Time has a way of playing tricks on the mind. Looking back, a series of concurrent events can seem to stretch across a year while whole seasons can collapse into a single night.
Maybe time has played such tricks on me. But the way I remember it, I was sitting there thinking about Hank's riot when the telephone rang. It was Bitsy in a halting voice. She was calling with the news that Wallace Wolcott had been killed. Apparently, he'd been shot near Santa Teresa, where a band of Republicans were defending some little hillside town.
By the time I received the call, he was already three weeks gone. In those days, I guess it took a while for the bodies to be recovered and identified and for the news to travel home.
I thanked her for calling and lay the receiver in its cradle before she'd finished talking.

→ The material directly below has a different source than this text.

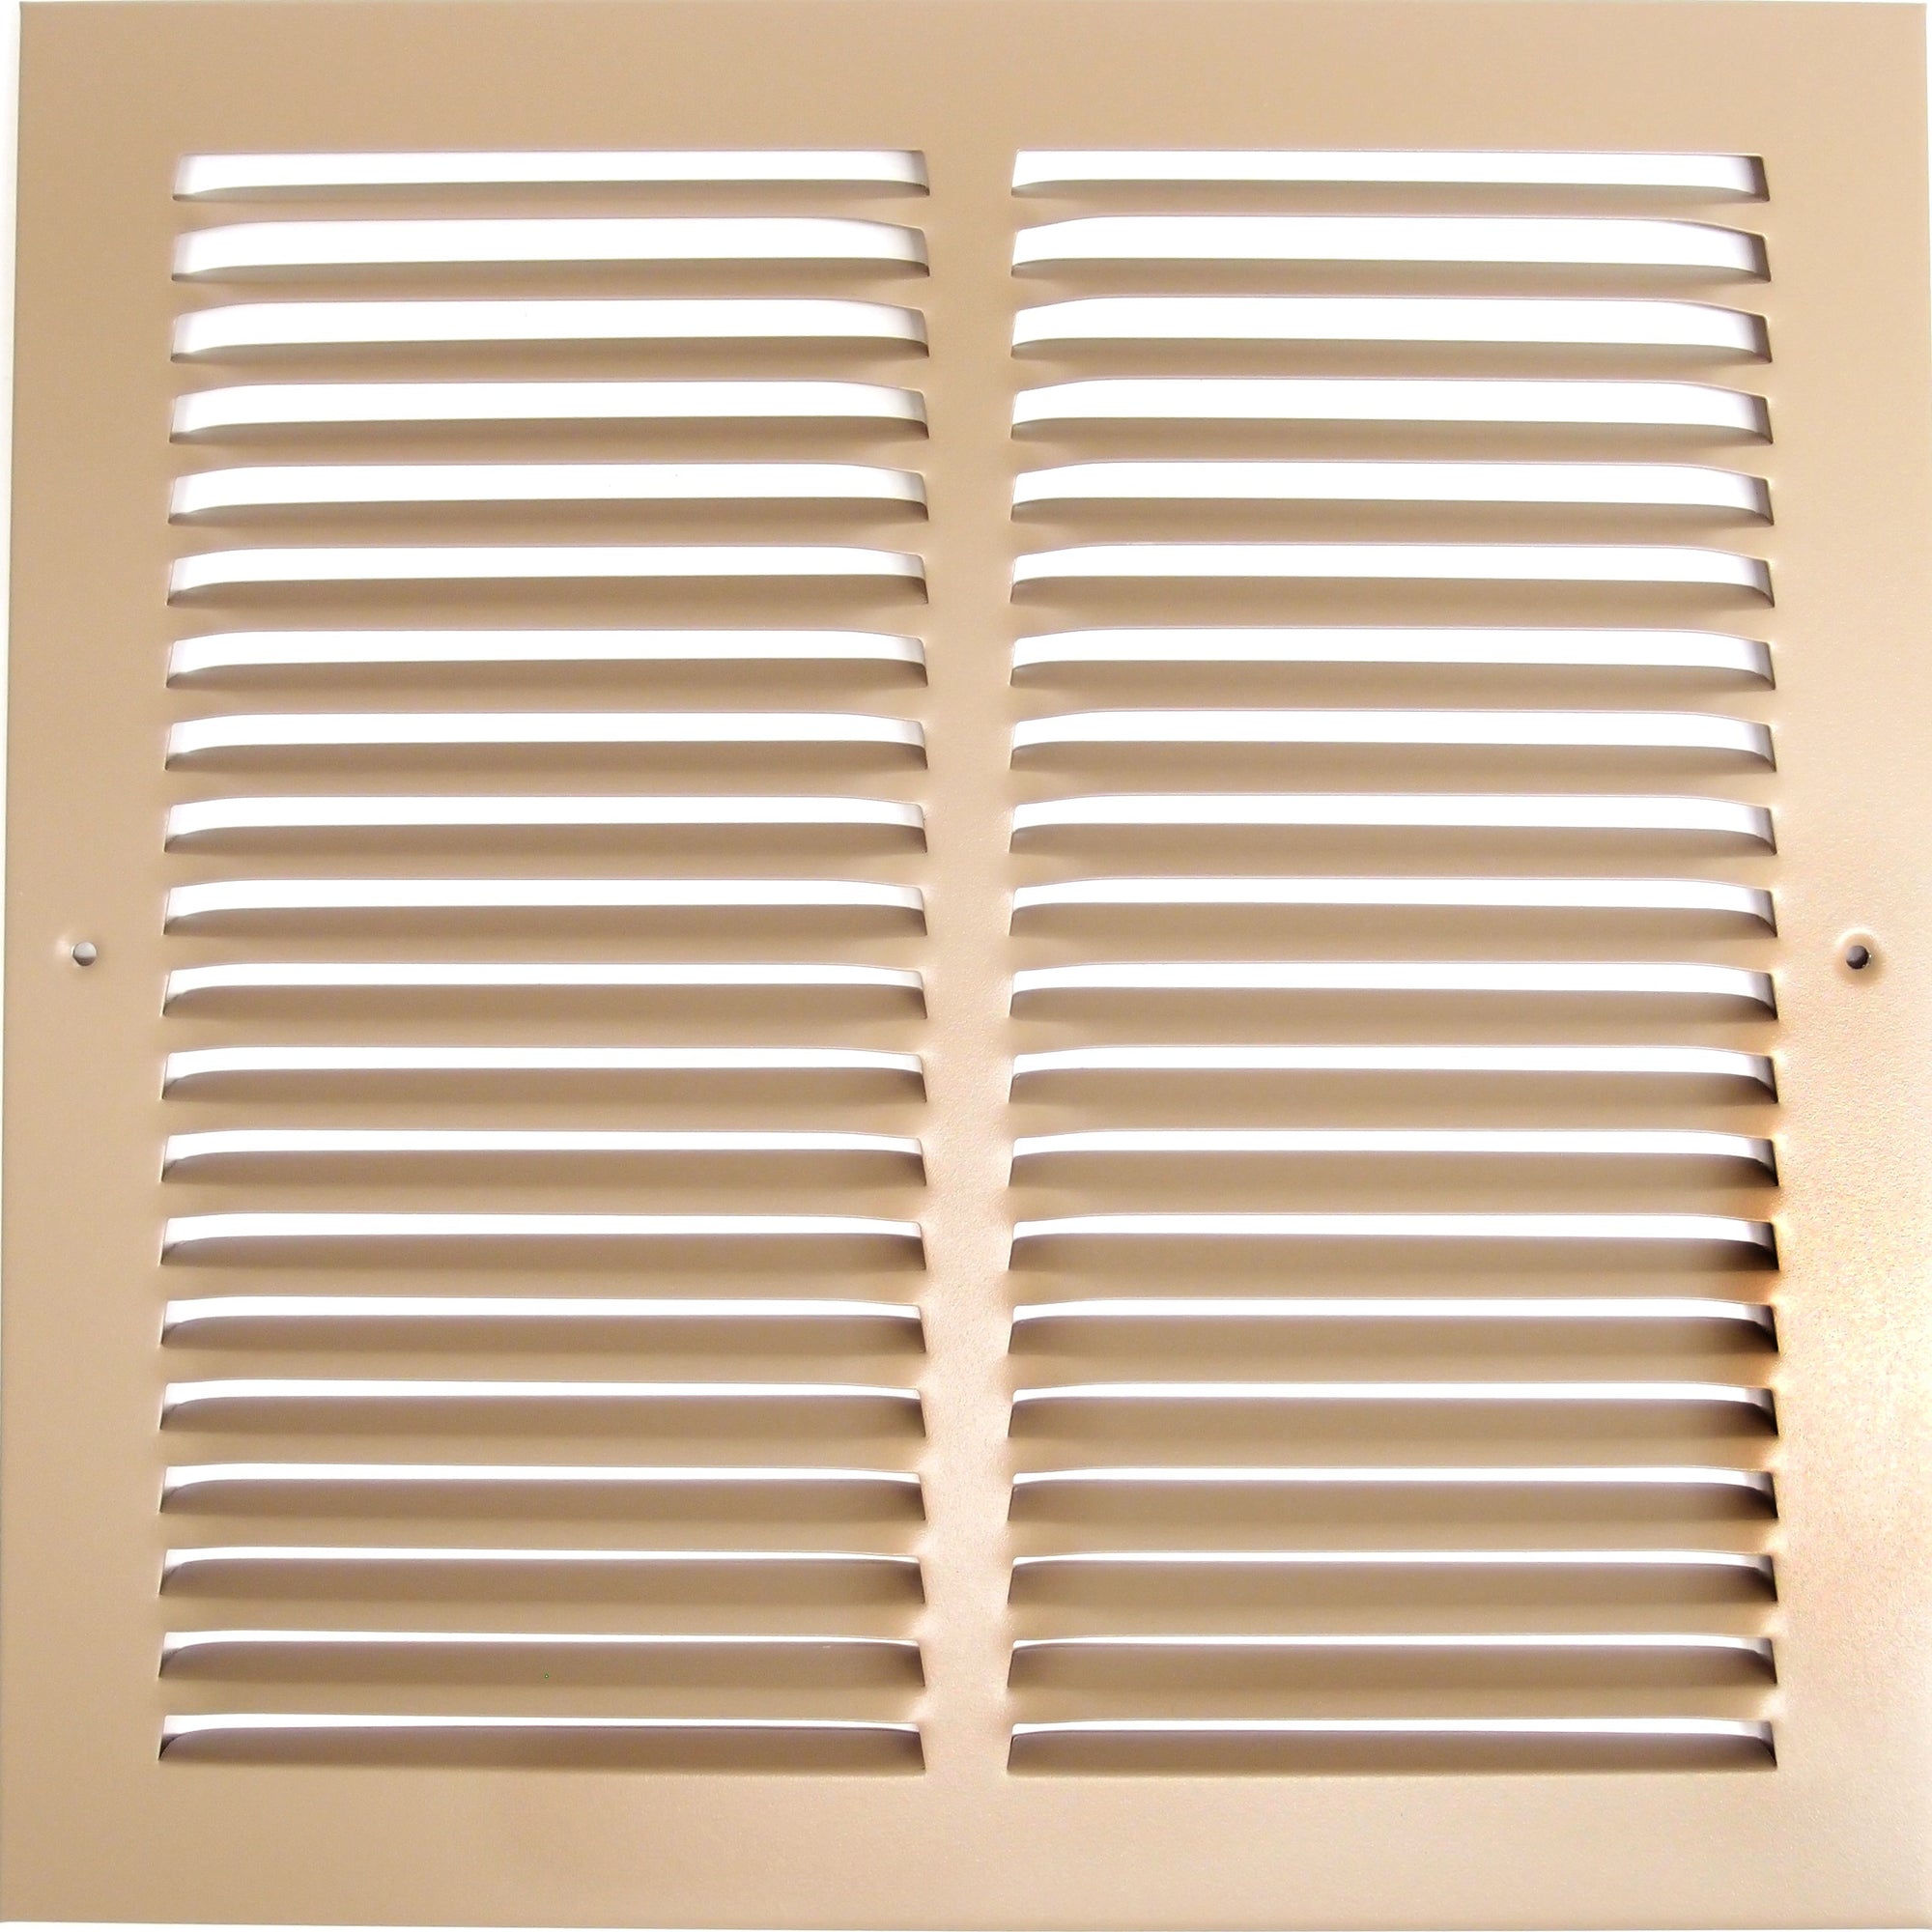 8" X 14" Air Vent Return Grilles - Sidewall and Ceiling - Steel
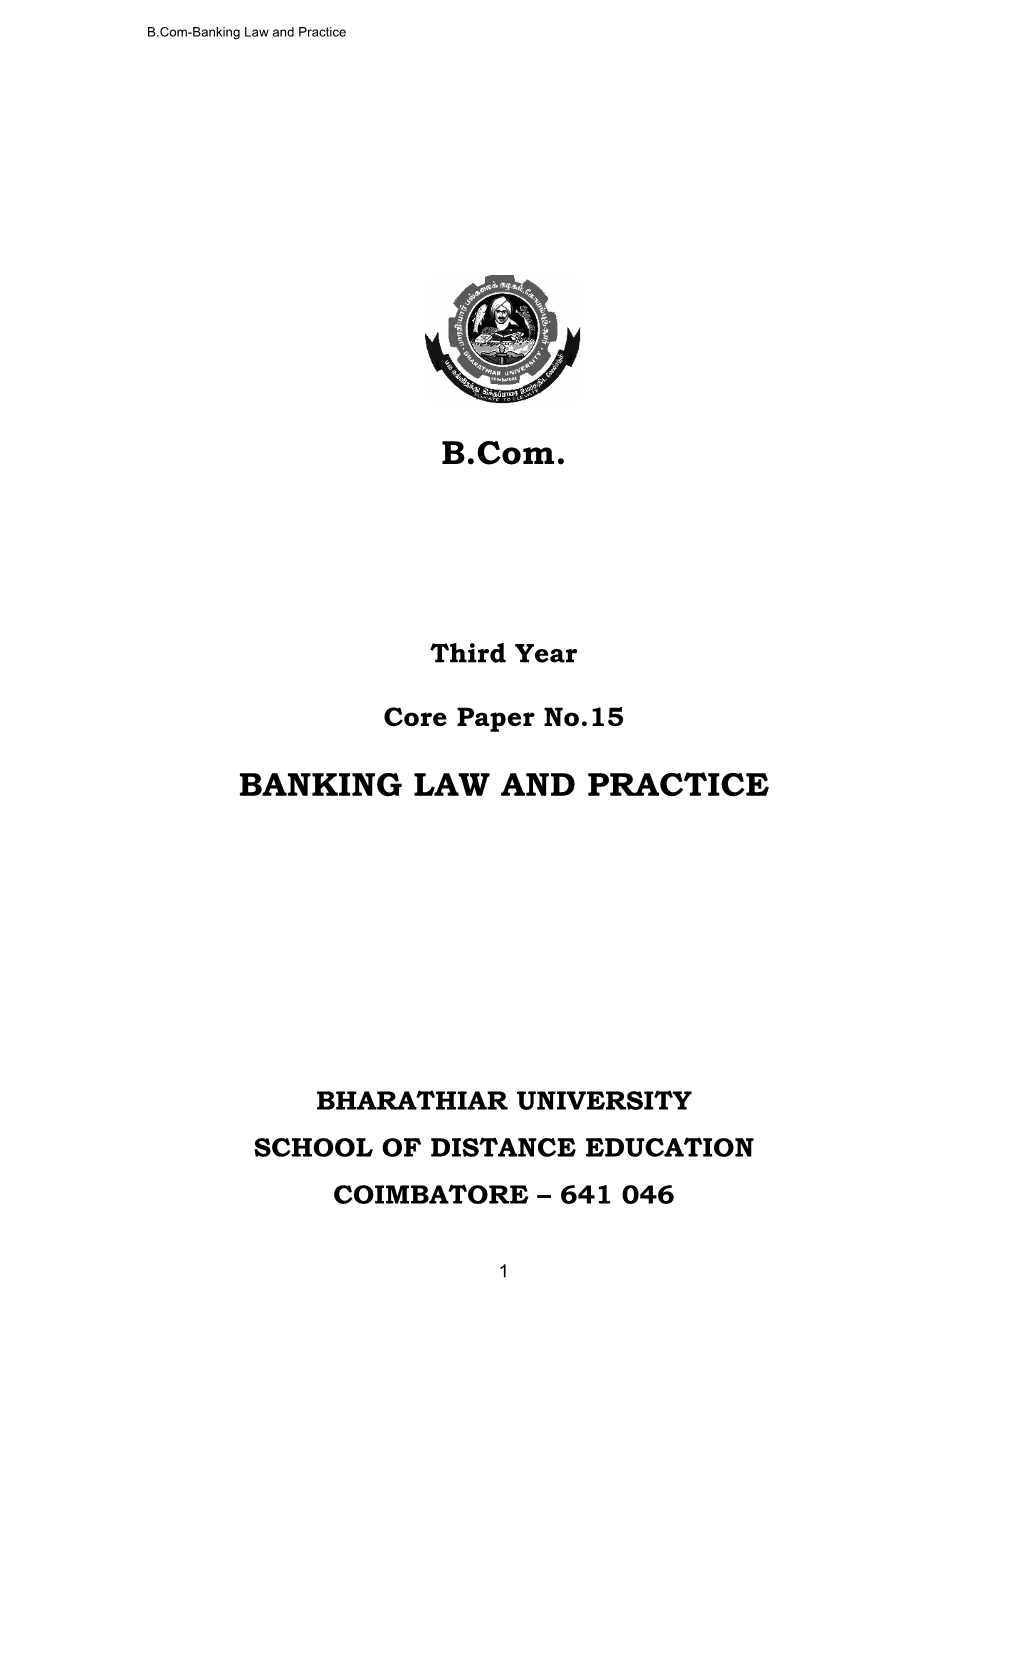 B.Com. BANKING LAW and PRACTICE

My glass was empty and I needed a drink, but I couldn't bring myself to pour one. Instead, I turned out the lights and sat on the floor with my back against the door.
St. Patrick's on Fifth Avenue and Fiftieth Street is a pretty powerful example of early nineteenth-century American Gothic. Made of white marble quarried from upstate New York, the walls must be four feet thick. The stained-glass windows were made by craftsmen from Chartres. Tiffany designed two of the altars and a Medici designed the third. And the Pietà in the southeast corner is twice the size of Michelangelo's. In fact, the whole place is so well made that as the Good Lord sees about His daily business, He can pass right over St. Patrick's, confident that those inside will take pretty good care of themselves.
On this, the fifteenth of December at 3:00 P.M., it was warm and ascendant. For three nights, I'd been working with Mason on “The Secrets of Central Park West” until two or three in the morning, cabbing home for a few hours sleep, showering, changing, and then heading right back into the office without a moment for reflection—a pace which was suiting me just fine. But today, when he insisted I head home early, I found myself wandering down Fifth Avenue and up the cathedral's steps.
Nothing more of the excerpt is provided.